▶ [AIM OF THE EXERCISE] With the images removed, write out every line below exactly.

▶ [SUPPLIED DATA]

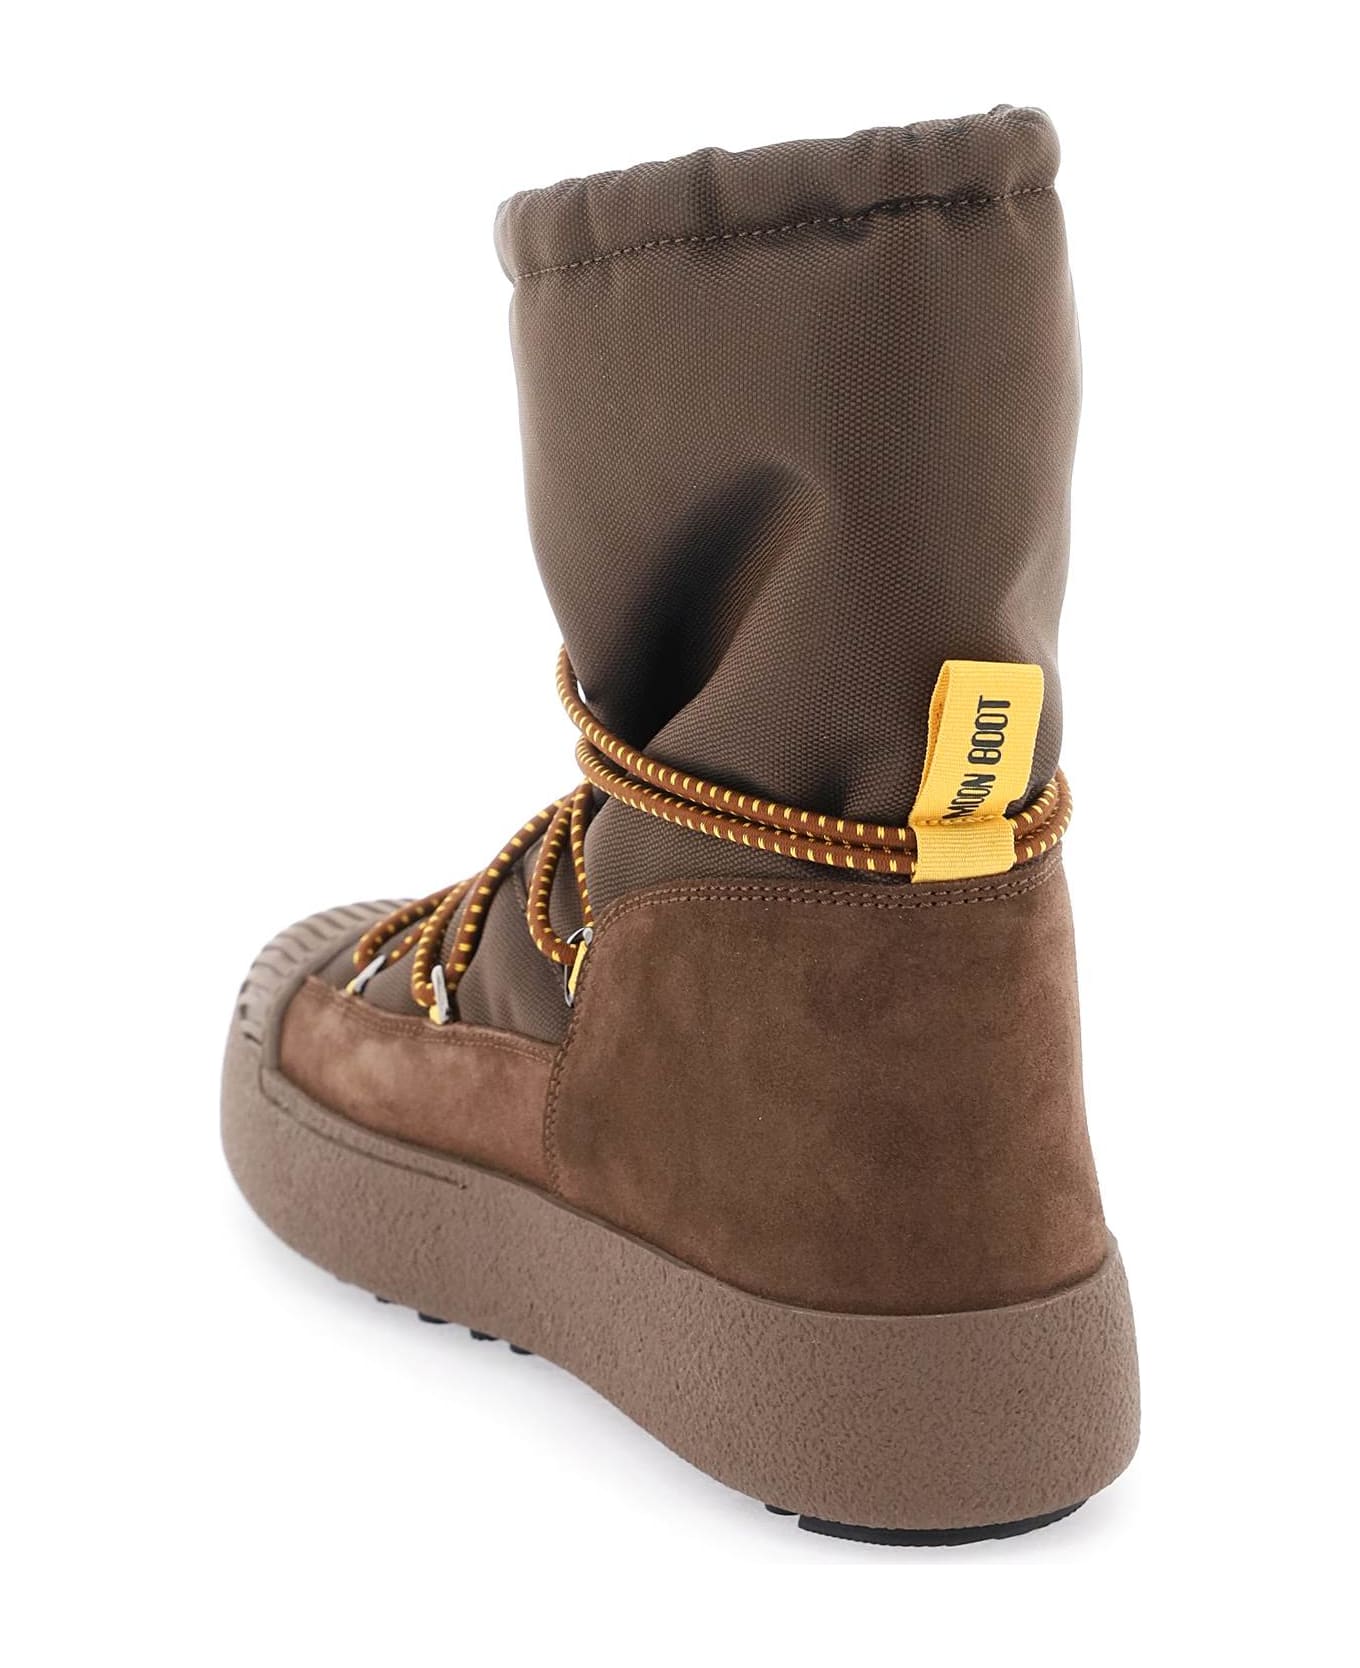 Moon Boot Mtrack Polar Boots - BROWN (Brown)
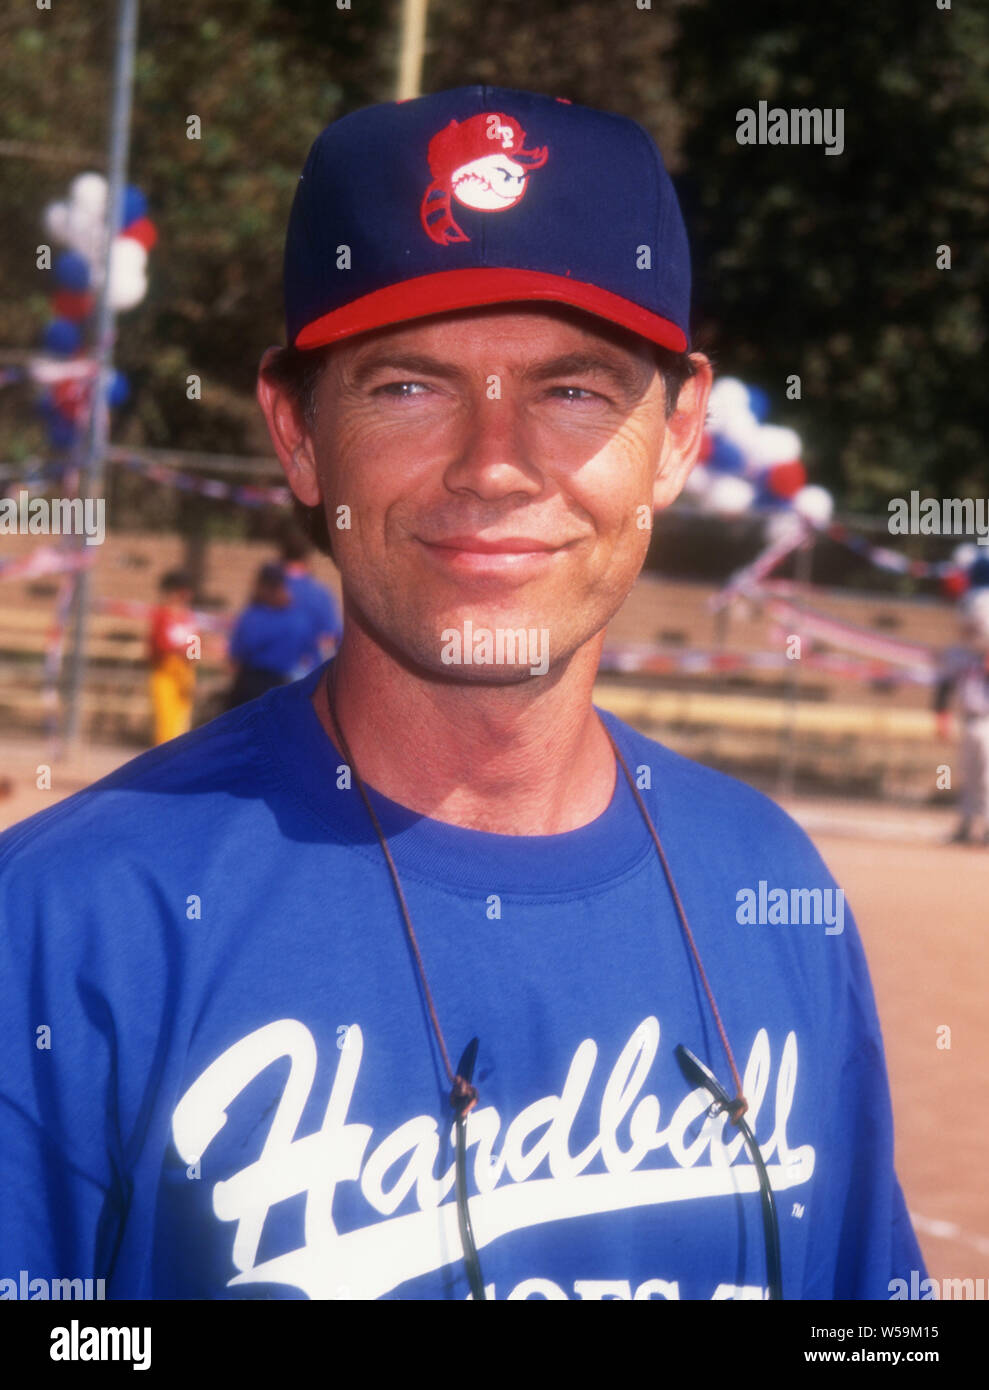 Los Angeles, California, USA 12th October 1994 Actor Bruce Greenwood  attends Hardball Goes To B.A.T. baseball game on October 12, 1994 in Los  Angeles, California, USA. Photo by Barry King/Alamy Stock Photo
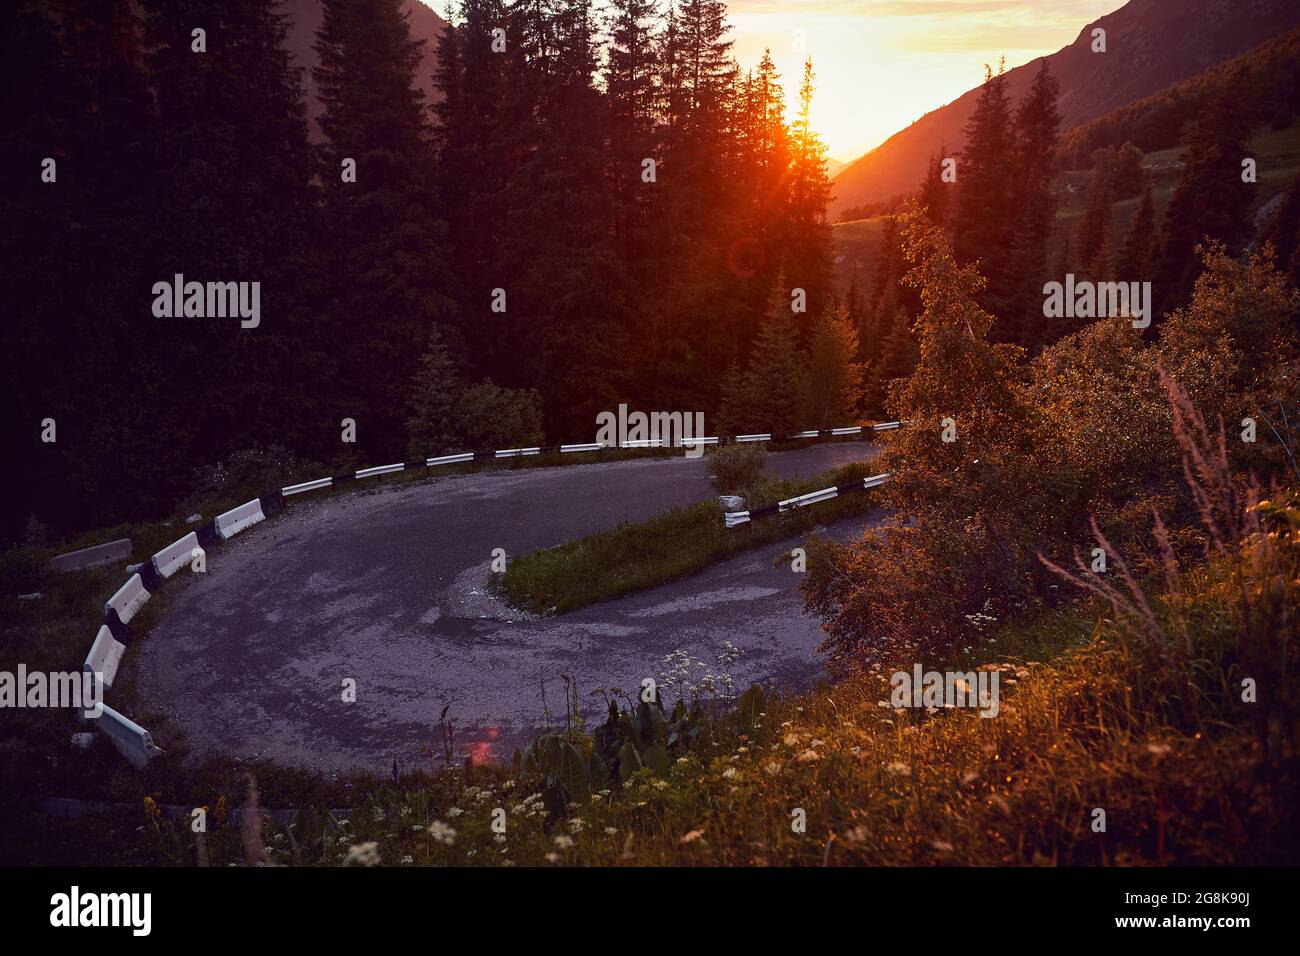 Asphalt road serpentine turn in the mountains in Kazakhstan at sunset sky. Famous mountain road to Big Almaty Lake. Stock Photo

▶ [RESULT]
 Moon Boot Mtrack Polar Boots - BROWN (Brown)
 Los Angeles, California, USA 12th October 1994 Actor Bruce Greenwood  attends Hardball Goes To B.A.T. baseball game on October 12, 1994 in Los  Angeles, California, USA. Photo by Barry King/Alamy Stock Photo
 Asphalt road serpentine turn in the mountains in Kazakhstan at sunset sky. Famous mountain road to Big Almaty Lake. Stock Photo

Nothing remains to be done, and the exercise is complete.